I was on the phone with a Dallas Independent School Board trustee just seconds ago -- a trustee, mind you, who had not heard there werereports
that DISD Superintendent Michael Hinjosa's outta here, possibly as early as tomorrow, to take the Las Vegas gig -- when the following arrived from Ross Avenue, a statement from the man himself. Says Hinjosa:
"I have been contacted by the firm conducting the search for a new superintendent of Clark County Schools, Nevada, the fifth largest school district in the country that serves more than 300,000 students in Las Vegas and the surrounding area. At this point, the board there has not announced its list of finalists so it would be inappropriate for me to comment further.
I am very proud of the accomplishments our staff and students have achieved here in Dallas over the course of the last five years, including 66 exemplary and 59 recognized schools, more high school graduates in 2010 than in any year since the mid-1980s and in passing a bond issue that will vastly improve our schools during the next few years. It remains a privilege to continue to serve this board of trustees, our committed staff, parents, students and stakeholders as superintendent of schools."
Earlier in the day I called Clark County School District spokeswoman Cynthia Sell to see if she could shed any light on a report last week -- which, clearly, everyone in Dallas media missed -- that said Hinojosa's one of three finalists for the job based upon the recommendation of school board president Terri Janison and school board trustee Larry Mason. The Clark County school board will reveal the names of the finalists tomorrow afternoon.
Update: On the other side, trustee Edwin Flores says if Hinojosa leaves, it's the board's own fault -- in part, because it refused to extend his contract when given the opportunity.
"We can't confirm anything," says Sell. "Literally, the trustees aren't taking interview requests because it hasn't been presented to the board. Nothing discussed about this has even mentioned names."
She then said we should speak with the consulting firm handling the search, McPherson & Jacobson out of Omaha, Nebraska. The woman who answered the phone there said Dr. Thomas Jacobson, head of the operation, is out of town and unable to take our call at present.
A DISD trustee to whom I spoke this afternoon said, yup, there have been "rumors" that Hinojosa was up for the Vegas gig, but nothing confirmed. I've got calls into other trustees as well. Yeah, I'm looking at you, Edwin.
Update: Trustee Edwin Flores laughs when asked about DBJ's story that says Hinojosa's leaving as soon as tomorrow. That said, he says the super's been pursued by "all sorts of people" in recent years and that, yes, he's heard Las Vegas was on the radar.
"He's a hot commodity," Flores tells Unfair Park. "Outside of Dallas he's a rock star. Here? Who knows. You read the blogs and you think everything's falling apart. But the data I've seen, he's moved the needle on student achievement like no one in Dallas before him. Miami-Dade's looking for a superintendent as well, and I wouldn't be surprised if he's at the top of the list there. There are rock-star jobs in the school business, the biggest being LA Unified, and then Chicago and New York and Boston and Clark County and Seattle and Dallas and Houston. And these folks who make great things happen, of course they're on the top of the list.
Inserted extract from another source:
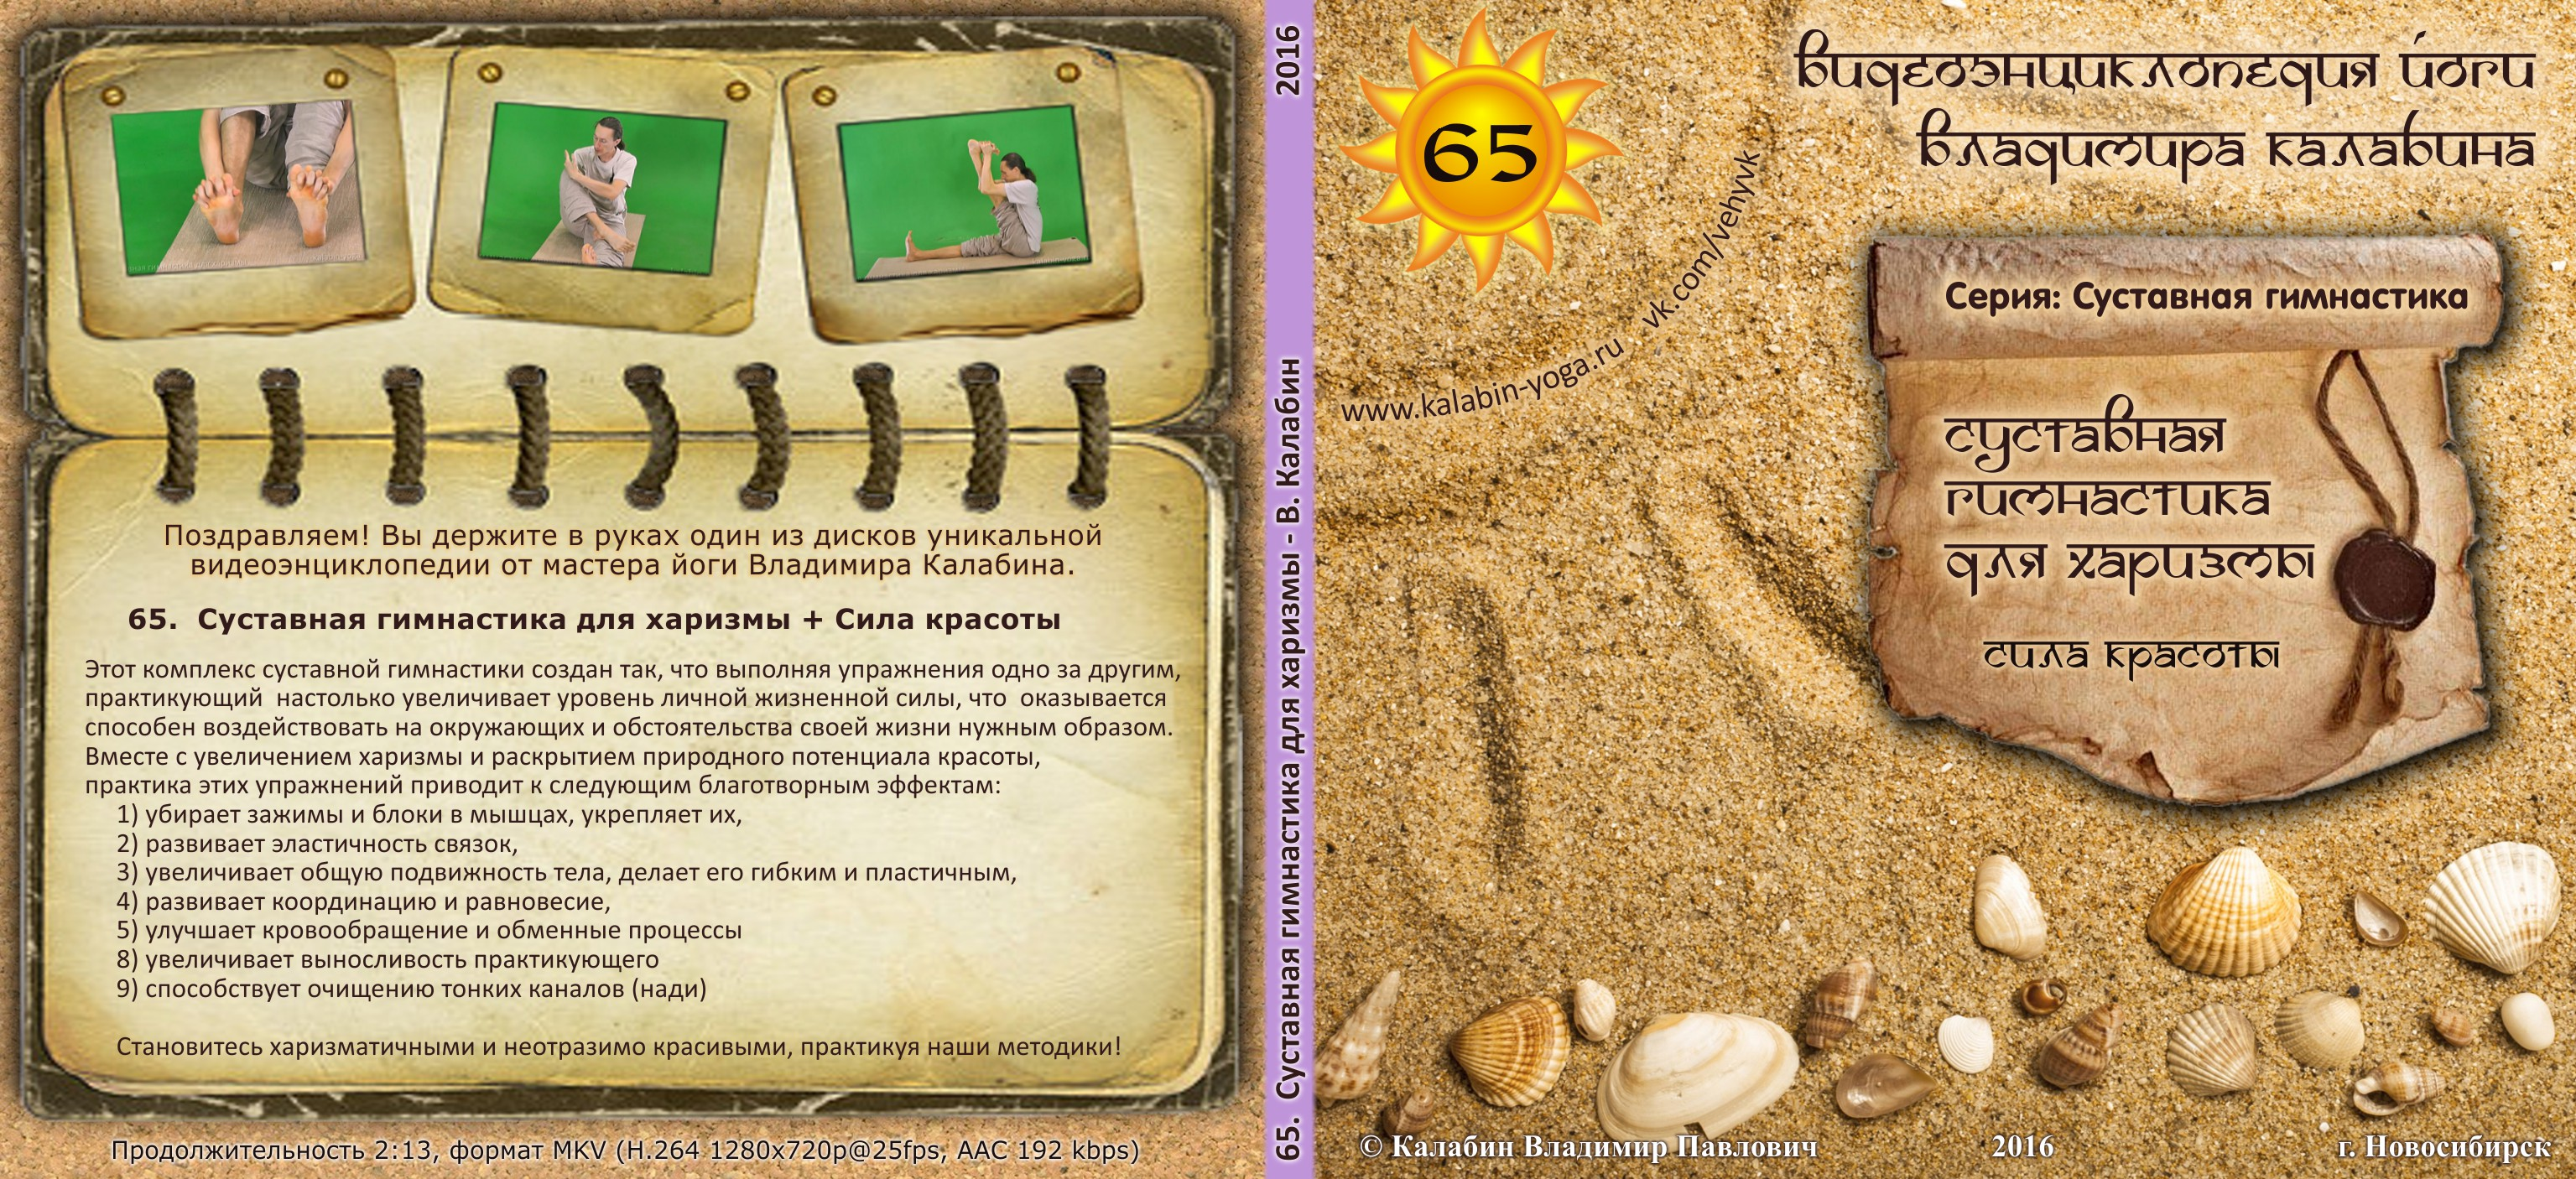 065-sustavnaya-gimnastika-dlya-xarizmy-minidvd-260x119

"Is he considering it? It's hard to hold good people down. I've said that about a lot of good administrators. We're a graduate school for superintendents. Six administrators have left here since I got on the board to become superintendents elsewhere."
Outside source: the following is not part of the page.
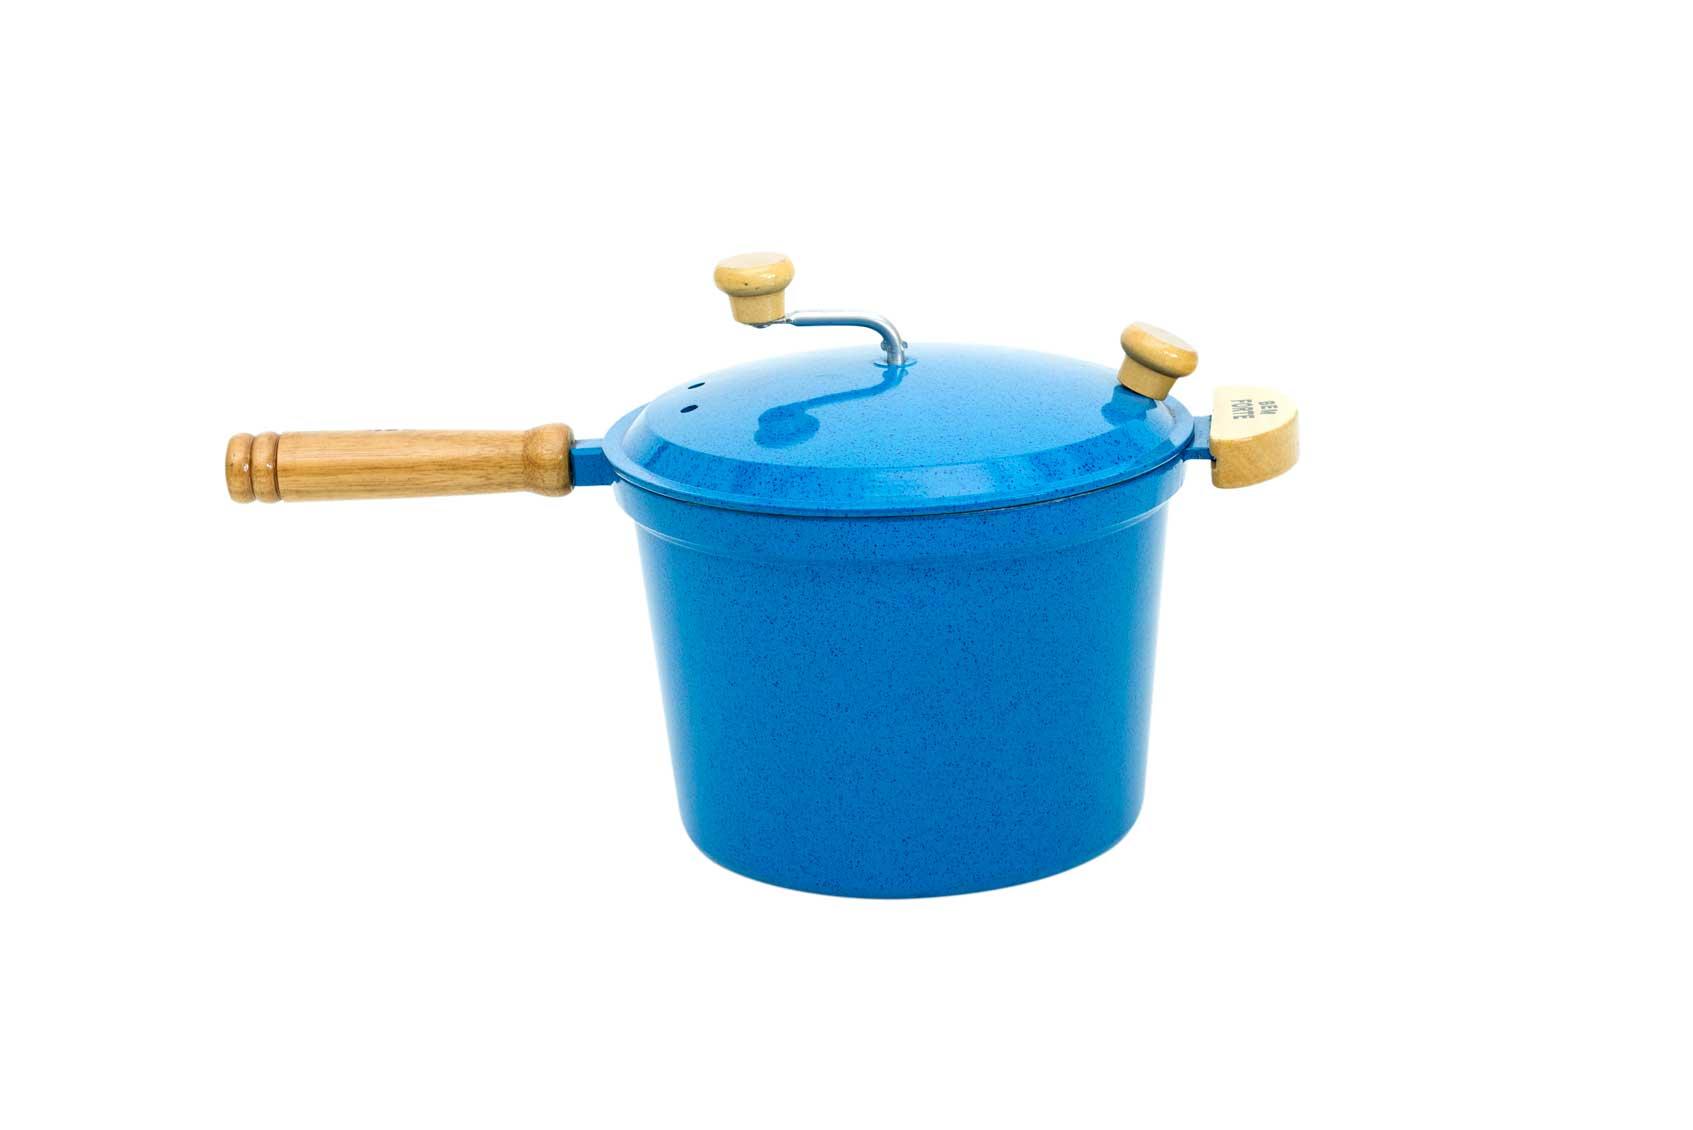 Pipoqueira Alumínio Fundido - Azul Mesclado

I asked: What could and should the board do to keep Hinojosa, if he does indeed move to the top of Clark County's list?
"We haven't extended his contract in two years," he says. "This is this board's doing. If we don't realize what we have it's our own fault. I'm in favor of extending his contract and have been. He did a darn good job getting us out of our meltdown [in 2008]. Hired the right guy, Larry Throm, and finances were turned around, and academic turnaround continues."
So, he'd extend Hinojosa's contract. How about a raise?
"I'd be in favor of all of the above," Flores says. "Now, whether it's too little too late I can't tell you. It's hard to keep good people. We lost a principal at W.T. White who became head of high schools in Austin. That's a pretty big promotion. We lose good people all the time."